The actively managed ETF is DoubleLine’s first foray into the ETF space.

One of the most respected bond fund managers in the market, Gundlach ran $12 billion TCW Total Return Bond Fund until 2009. At the time, Morningstar said it was in the top 1% of all funds invested in intermediate-term bonds for the five years ended in 2009.

Gundlach left TCW after a management dust-up and formed DoubleLine in 2010. He’s DoubleLine’s CEO and chief investment officer.

“It’s not a clone of any existing strategies,” said Jeffrey Sherman, a DoubleLine portfolio manager, during a webcast this week. Sherman will co-manage the ETF with Gundlach and firm President Philip Barach. “It’s a new product created just for this offering, but it draws upon the views of Jeff Gundlach and the DoubleLine team.”

While not identical to the firm’s flagship DoubleLine Total Return Bond Fund , ETF investors will be getting a deal. The ETF charges an expense ratio of just 0.55%, compared with the fund’s 0.72% fee for retail investors.

By going with a name-brand fund manager, State Street (NYSE:STT) is making a calculated effort to take advantage of the problems at Pimco. It looks like it wants to become the leading bond ETF in the country by taking on $2 billion Pimco Total Return Bond ETF (BOND).

BOND has seen more than $1 billion in outflow since Bill Gross, Pimco’s bond maven, left the firm in September. This caused BOND to fall to second-largest active bond ETF.

TOTL’s investment objective contains elements of both DoubleLine’s total return and core fixed-income strategies. The ETF aims to have a low interest-rate risk profile.

At the same time it expects to maximize returns through active allocation and selection of securities its analysis determines to be mispriced in the market.

DoubleLine Total Return Bond Fund has focused on mortgage-backed securities. But the ETF can hold any bond, including U.S. Treasuries, investment grade corporate credit, high-yield bonds, collateralized loan obligations, asset-based securities, bank loans and sovereign debt from both developed and emerging markets.

The portfolio must contain a minimum of 20% in mortgages, but it isn’t required to hold anything else. While high-yield, emerging market and CLO securities can each only take up as much as 25% of the portfolio, as much as 85% can be held in government bonds.

The duration of a single bond can range from one to eight years and no security can have a bond rating below BBB-.

State Street Getting Active

State Street, which has a reputation for running passively managed funds, has slowly moved into the active ETF arena. The new fund is its third active bond ETF and 10th overall.

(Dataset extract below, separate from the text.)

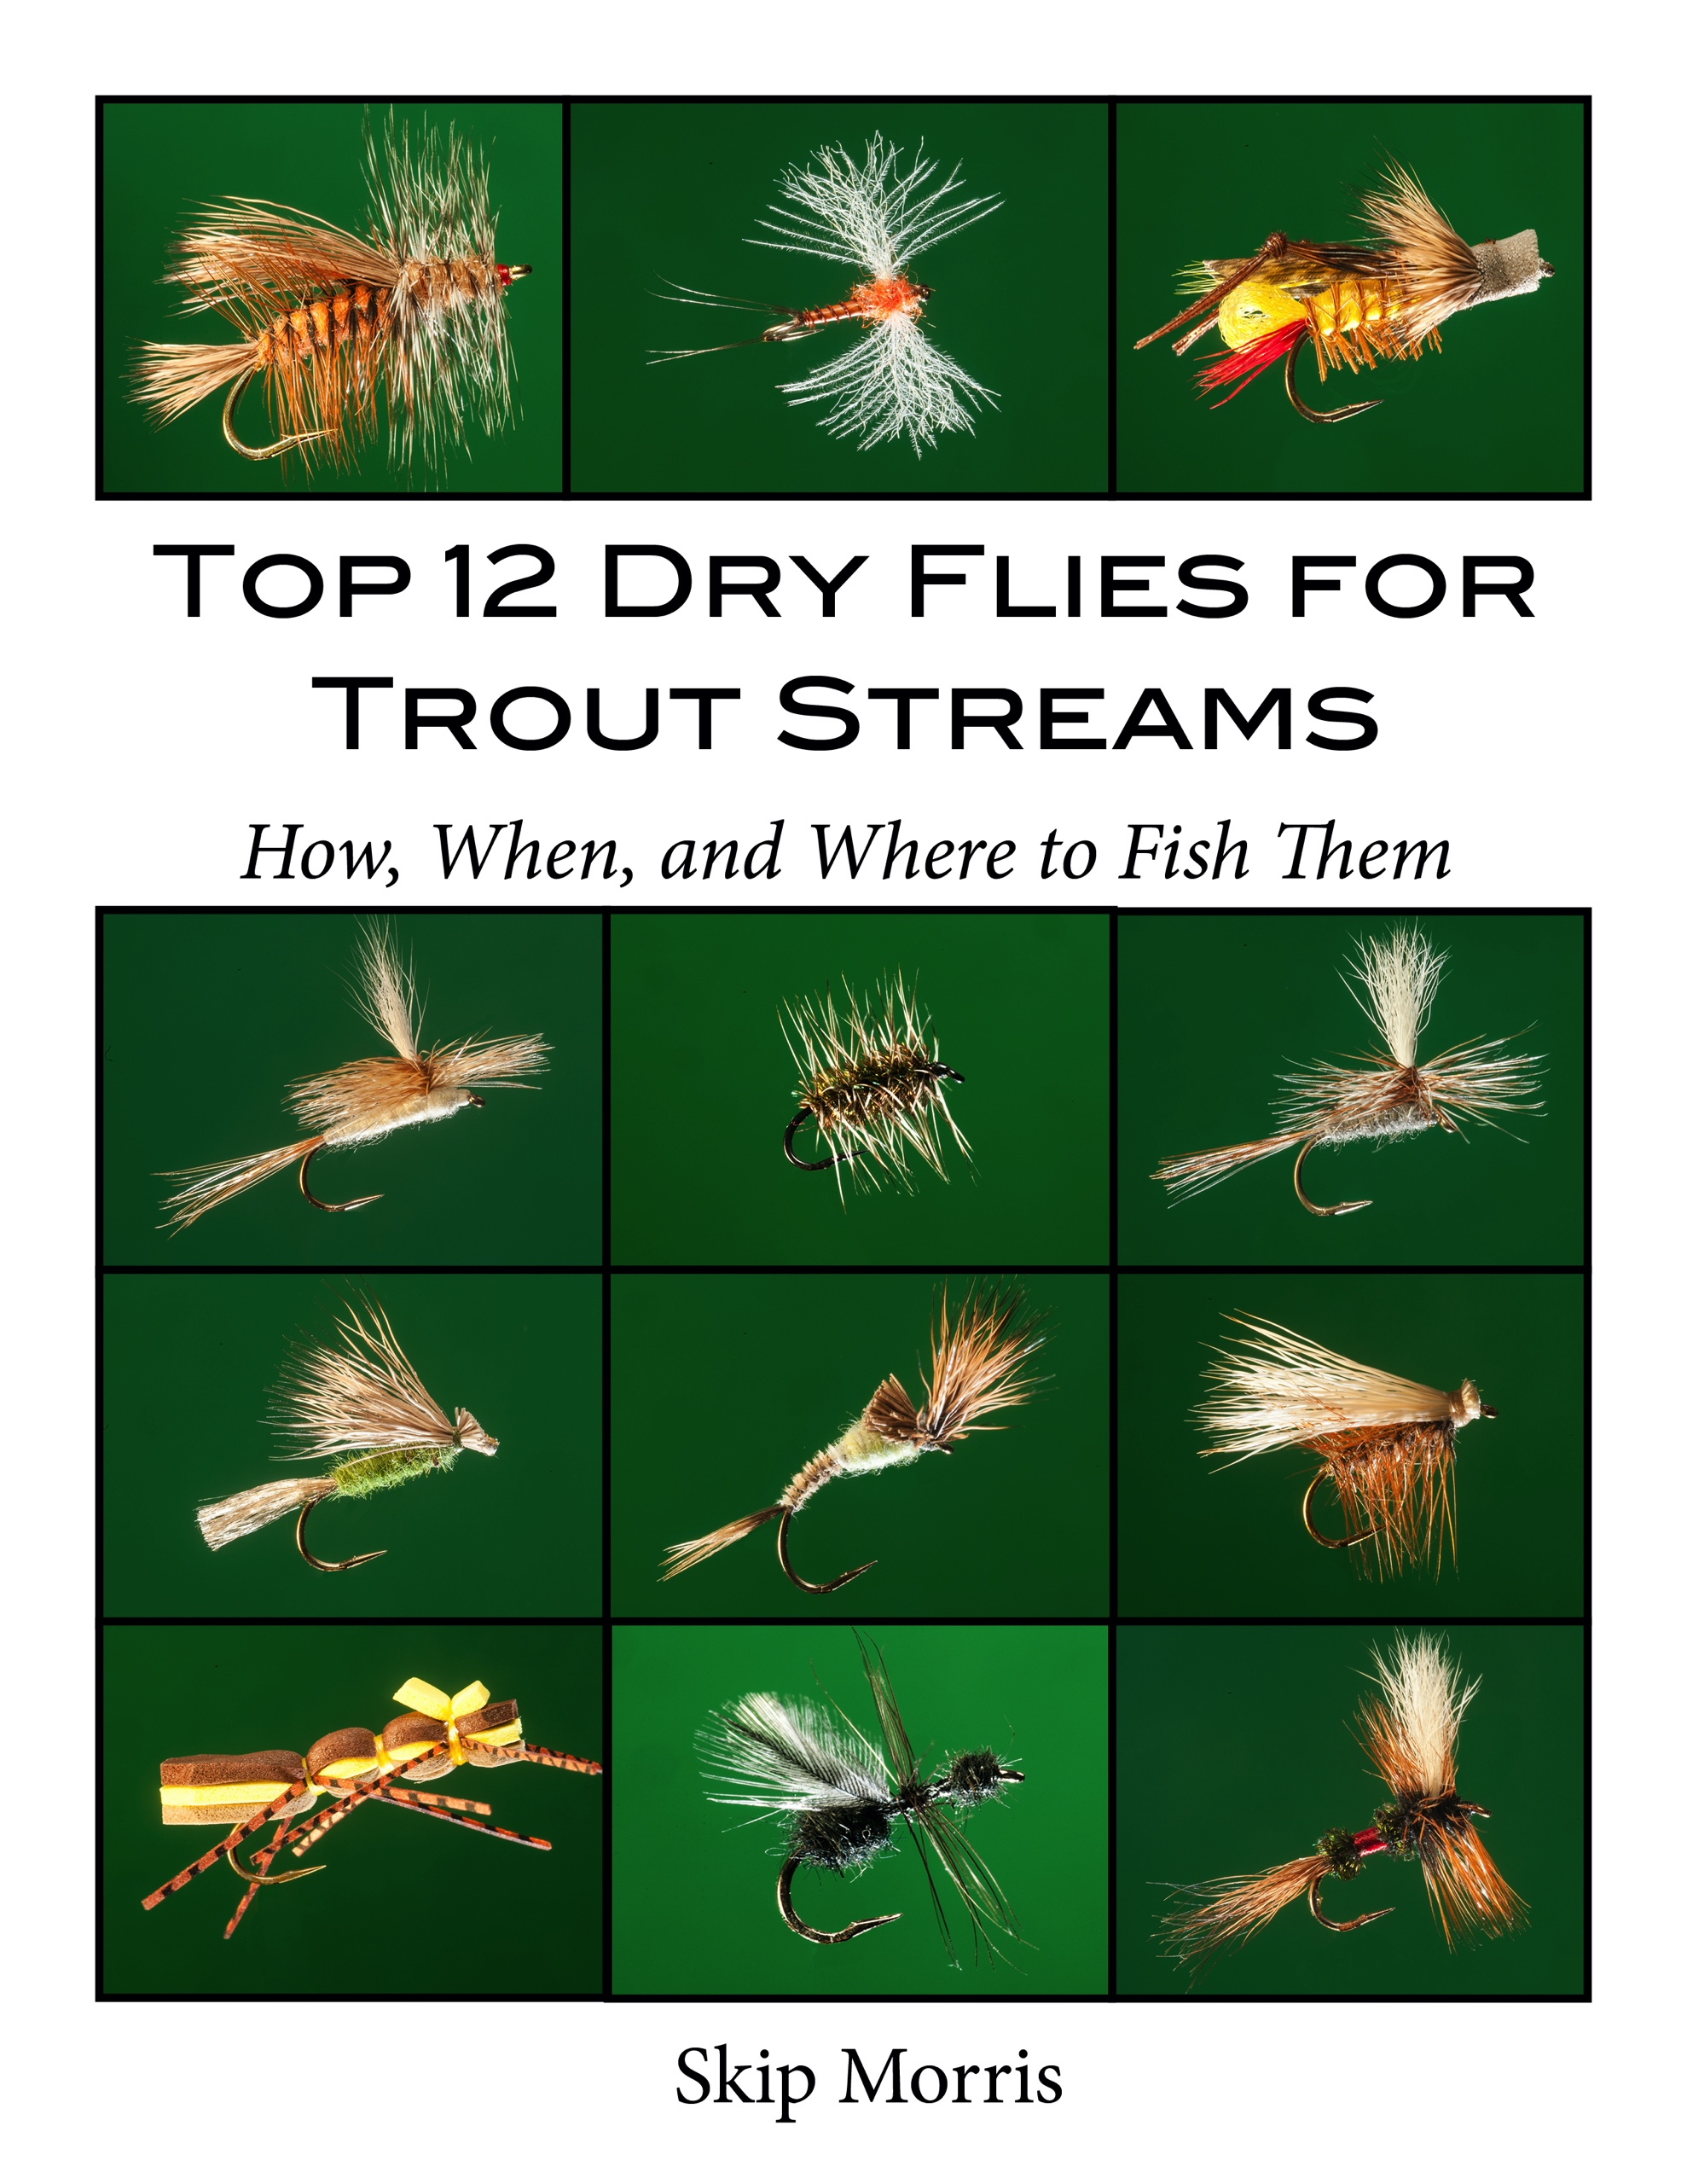 Top 12 Dry Flies for Trout Streams: How, When, and Where to Fish Them an ebook by Skip Morris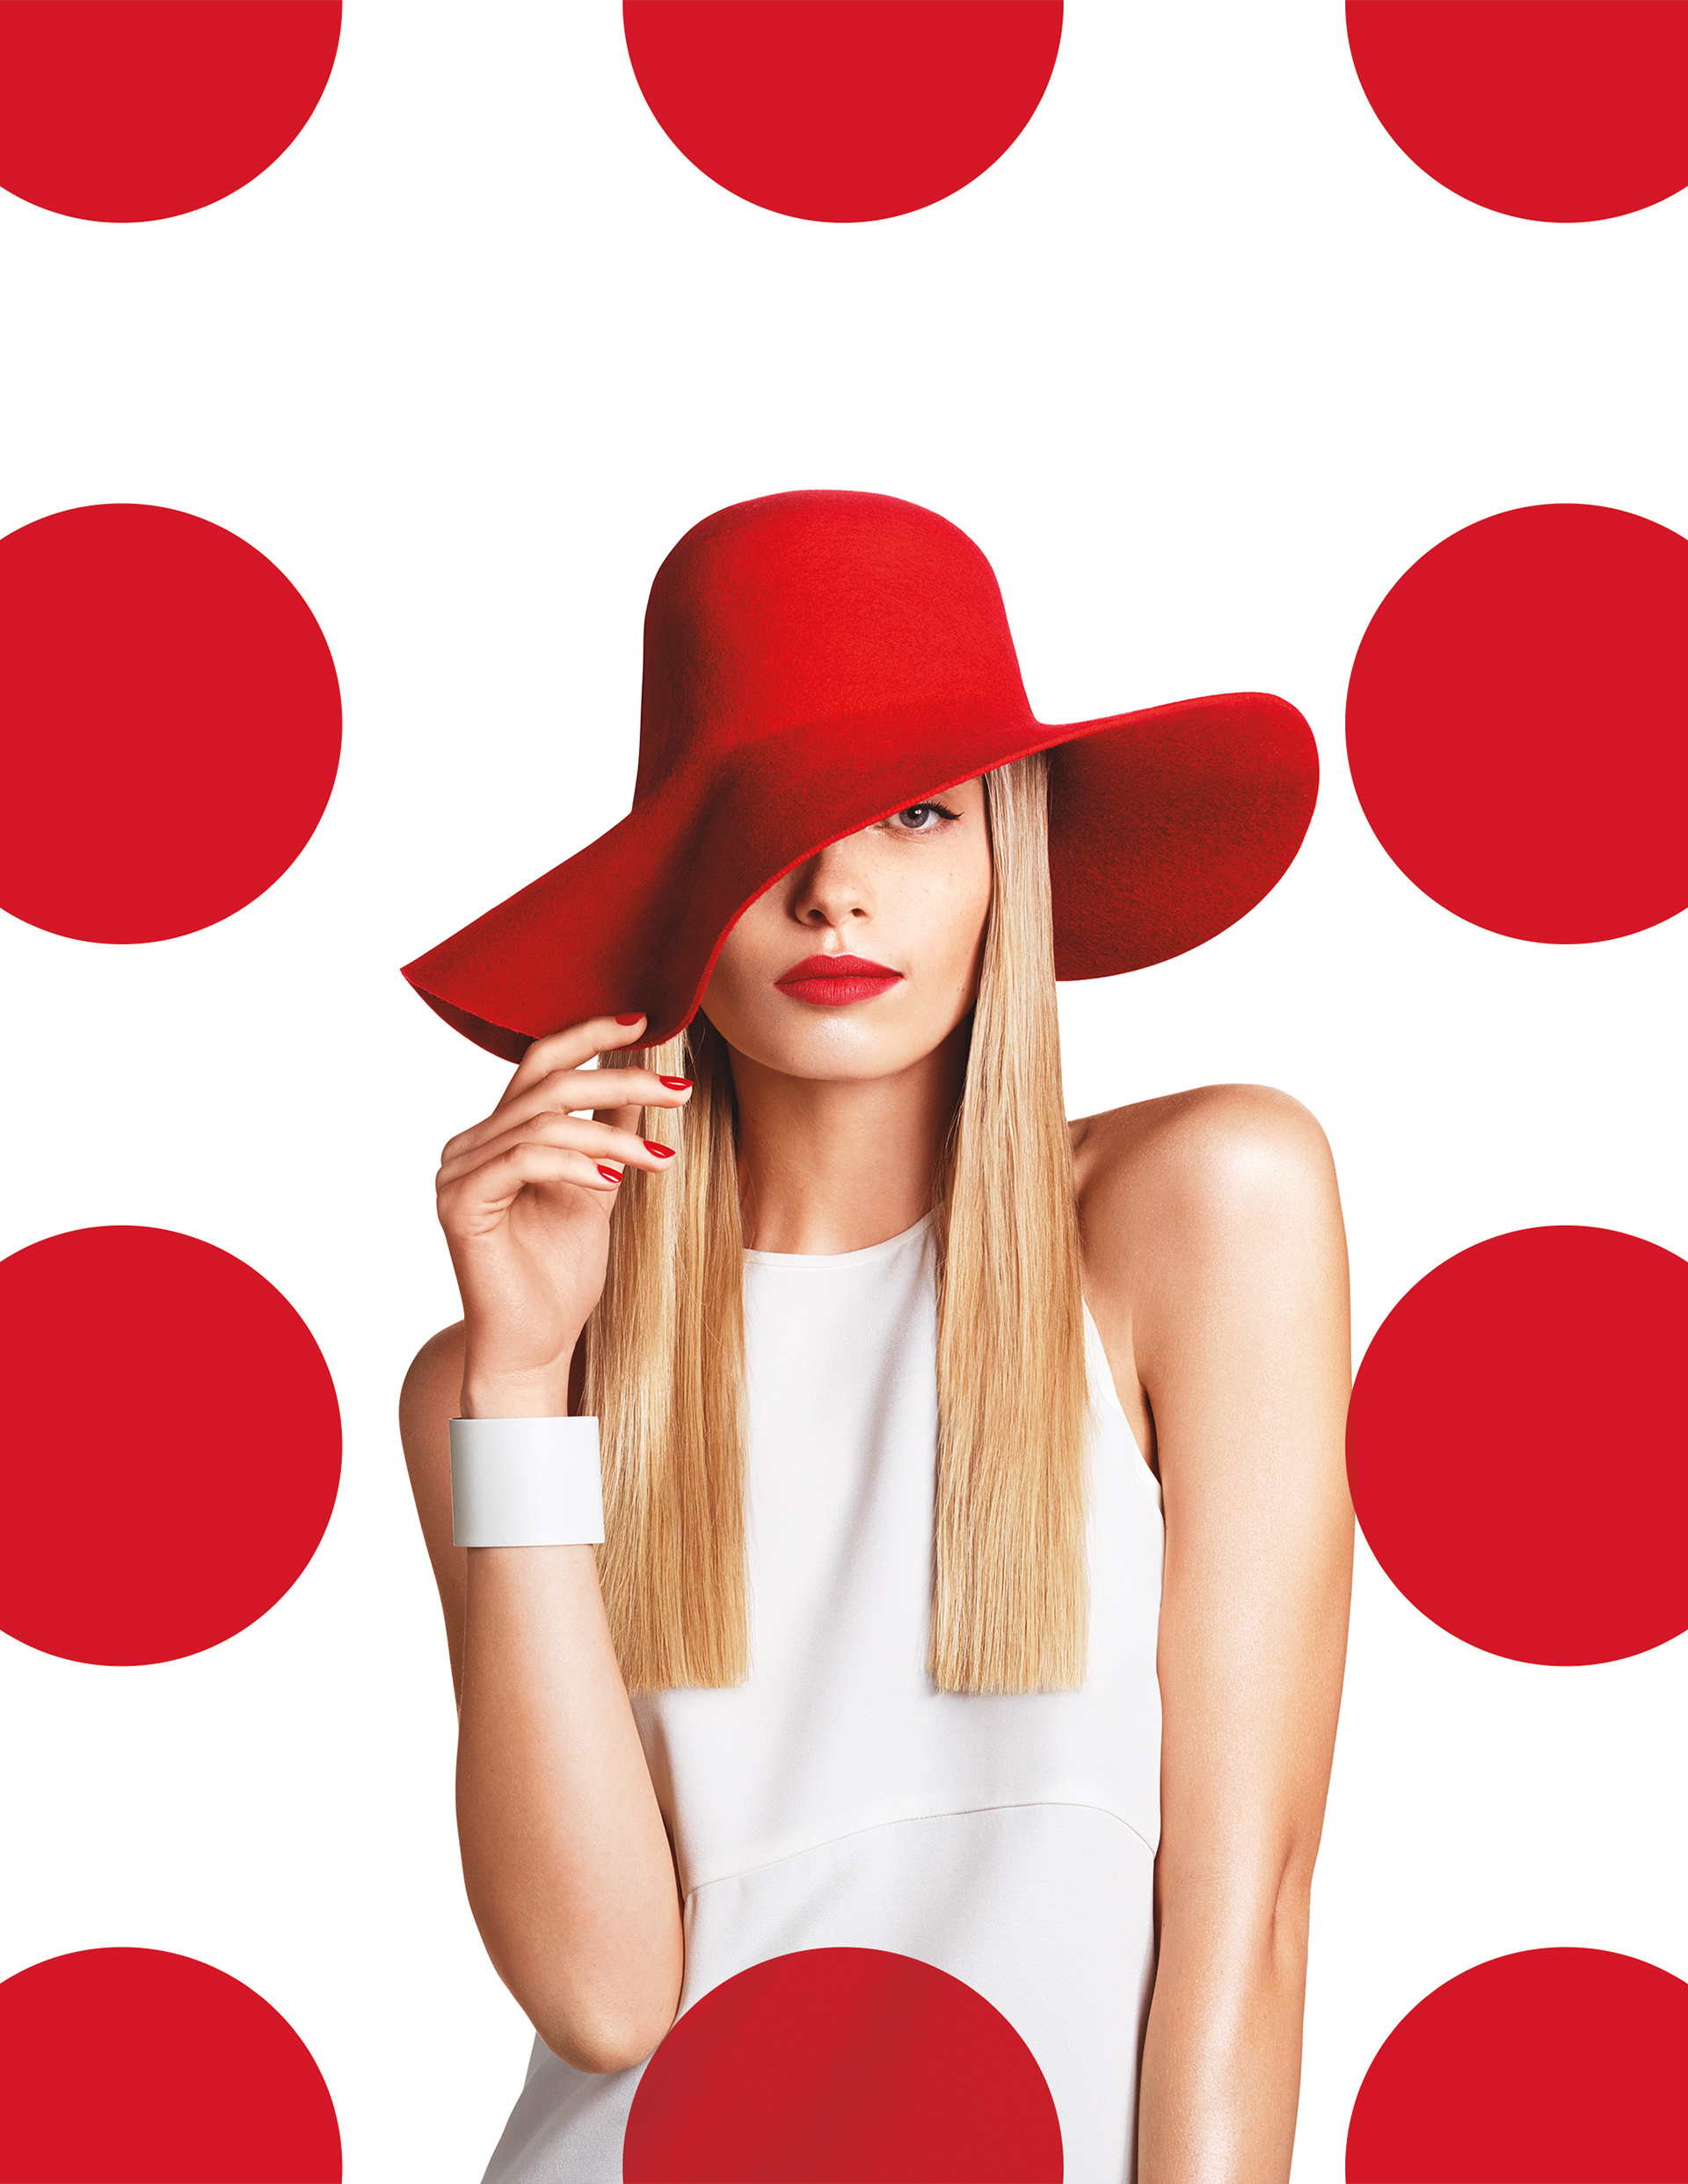 custom-imagery-photo-target-red-hat-and-dots-01.jpg

While active equity funds have a hard time beating their benchmarks, the less transparent bond market creates more opportunities for managers to beat their index.

“Passive does best in U.S. equities, but in investment grade fixed-income 65% of managers outperform their benchmark,” said Dave Mazza, head of research at SPDR ETFs. “A skilled fixed-income portfolio manager can find inefficiencies across the market because it is illiquid and opaque.”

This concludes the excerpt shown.